• Peter Xu's avatar
    userfaultfd: UFFD_FEATURE_WP_ASYNC · d61ea1cb
    Peter Xu authored
    Patch series "Implement IOCTL to get and optionally clear info about
    PTEs", v33.
    
    *Motivation*
    The real motivation for adding PAGEMAP_SCAN IOCTL is to emulate Windows
    GetWriteWatch() and ResetWriteWatch() syscalls [1].  The GetWriteWatch()
    retrieves the addresses of the pages that are written to in a region of
    virtual memory.
    
    This syscall is used in Windows applications and games etc.  This syscall
    is being emulated in pretty slow manner in userspace.  Our purpose is to
    enhance the kernel such that we translate it efficiently in a better way. 

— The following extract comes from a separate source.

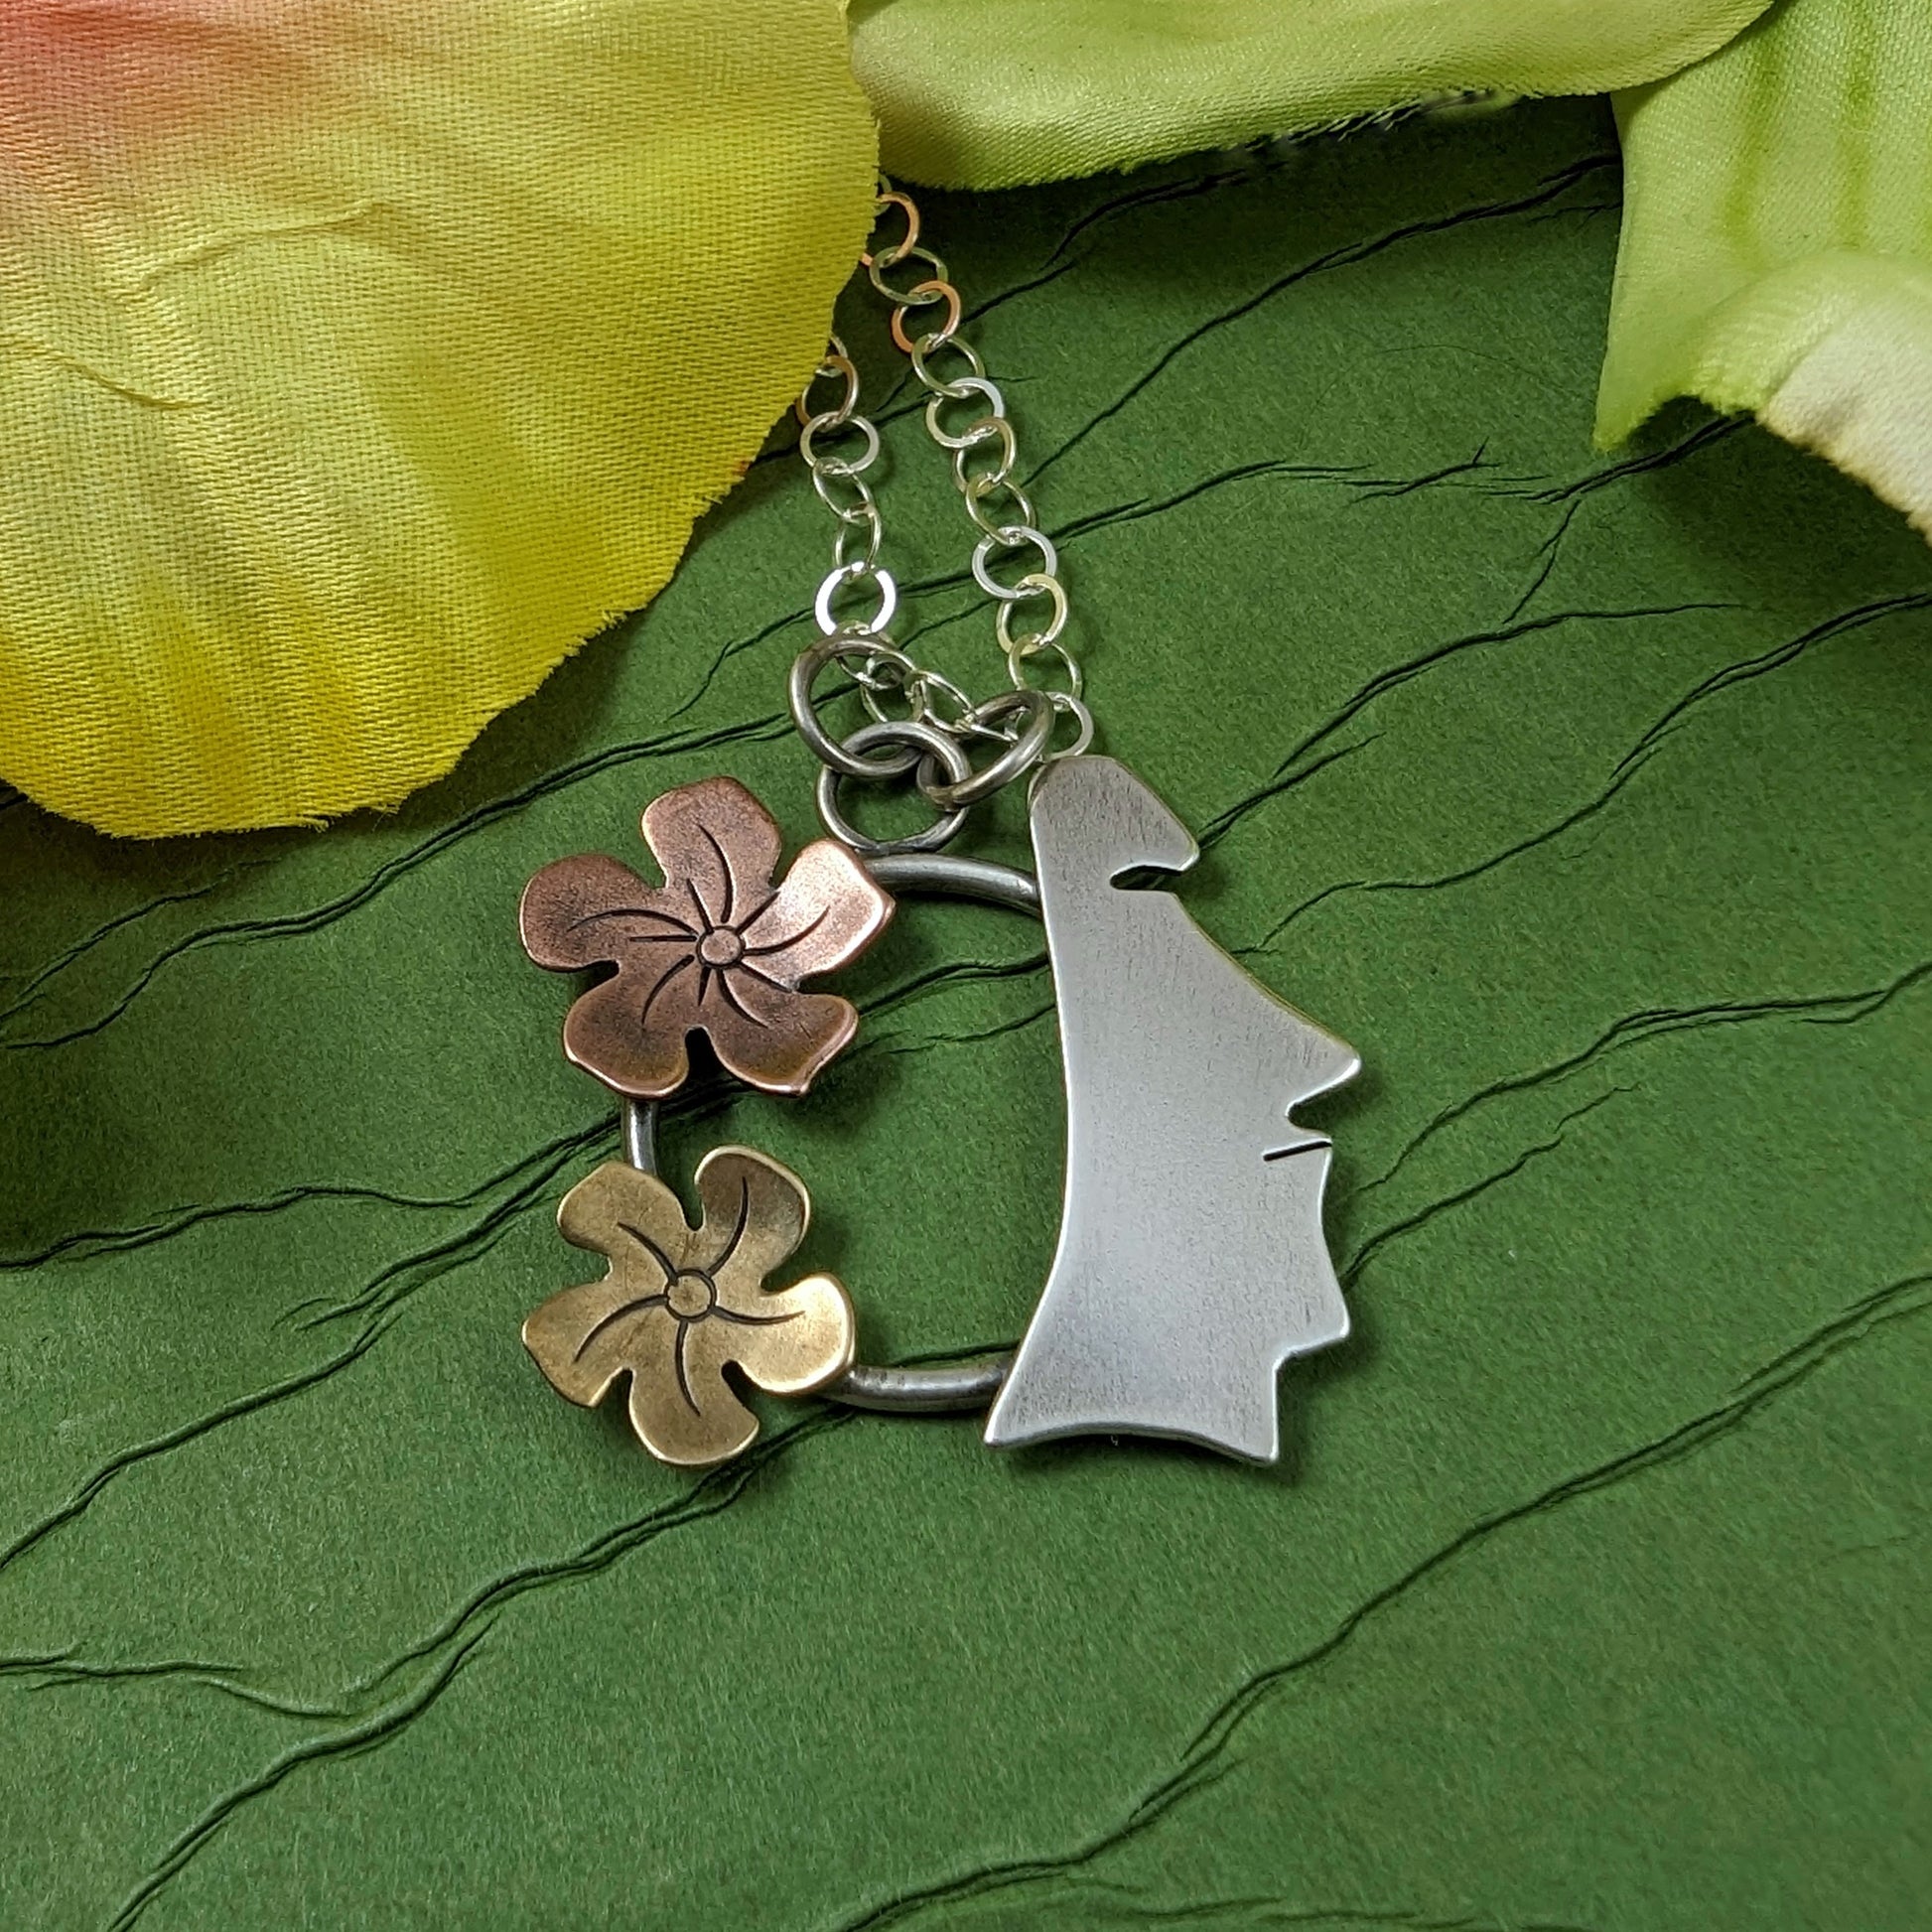 Sterling silver, copper, and brass necklace on a green background with flowers

    Currently some out of tree hack patches are being used to efficiently
    emulate it in some kernels.  We intend to replace those with these
    patches.  So the whole gaming on Linux can effectively get benefit from
    this.  It means there would be tons of users of this code.
    
    CRIU use case [2] was mentioned by Andrei and Danylo:
    > Use cases for migrating sparse VMAs are binaries sanitized with ASAN,
    > MSAN or TSAN [3]. All of these sanitizers produce sparse mappings of
    > shadow memory [4]. Being able to migrate such binaries allows to highly
    > reduce the amount of work needed to identify and fix post-migration
    > crashes, which happen constantly.
    
    Andrei defines the following uses of this code:
    * it is more granular and allows us to track changed pages more
      effectively. The current interface can clear dirty bits for the entire
      process only. In addition, reading info about pages is a separate
      operation. It means we must freeze the process to read information
      about all its pages, reset dirty bits, only then we can start dumping
      pages. The information about pages becomes more and more outdated,
      while we are processing pages. The new interface solves both these
      downsides. First, it allows us to read pte bits and clear the
      soft-dirty bit atomically. It means that CRIU will not need to freeze
      processes to pre-dump their memory. Second, it clears soft-dirty bits
      for a specified region of memory. It means CRIU will have actual info
      about pages to the moment of dumping them.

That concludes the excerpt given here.